Try it ▸ Produce as output only the lines below starting at the line with "Stromaggregat: Hyundai Diesel" and continuing through the line with "STROKESMAN'S Piqué polo", each one exactly as written.

[Extracted information — start]

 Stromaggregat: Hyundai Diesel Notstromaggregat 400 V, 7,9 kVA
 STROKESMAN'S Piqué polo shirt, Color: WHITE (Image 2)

[Extracted information — finish]
[Extracted information — start]

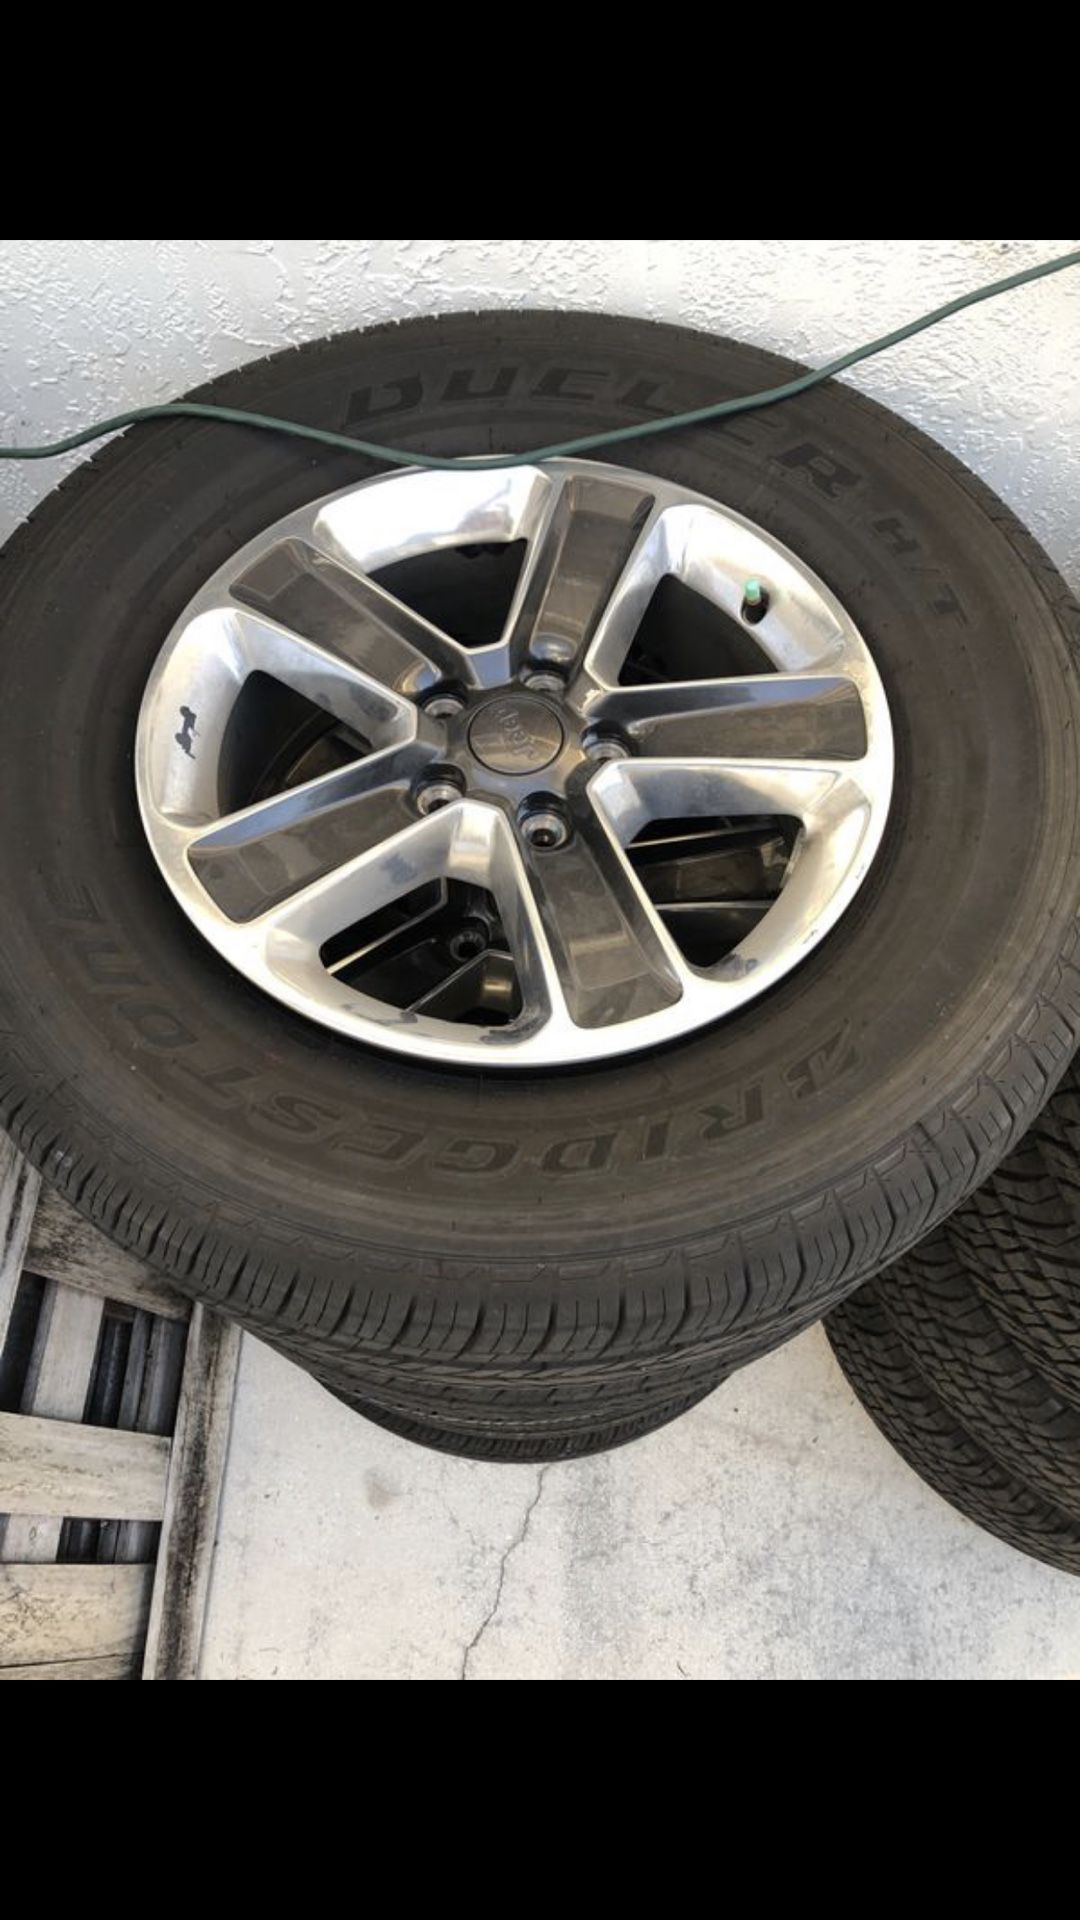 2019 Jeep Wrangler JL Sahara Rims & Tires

[Extracted information — finish]

Your solution ▸
 Stromaggregat: Hyundai Diesel Notstromaggregat 400 V, 7,9 kVA
 STROKESMAN'S Piqué polo shirt, Color: WHITE (Image 2)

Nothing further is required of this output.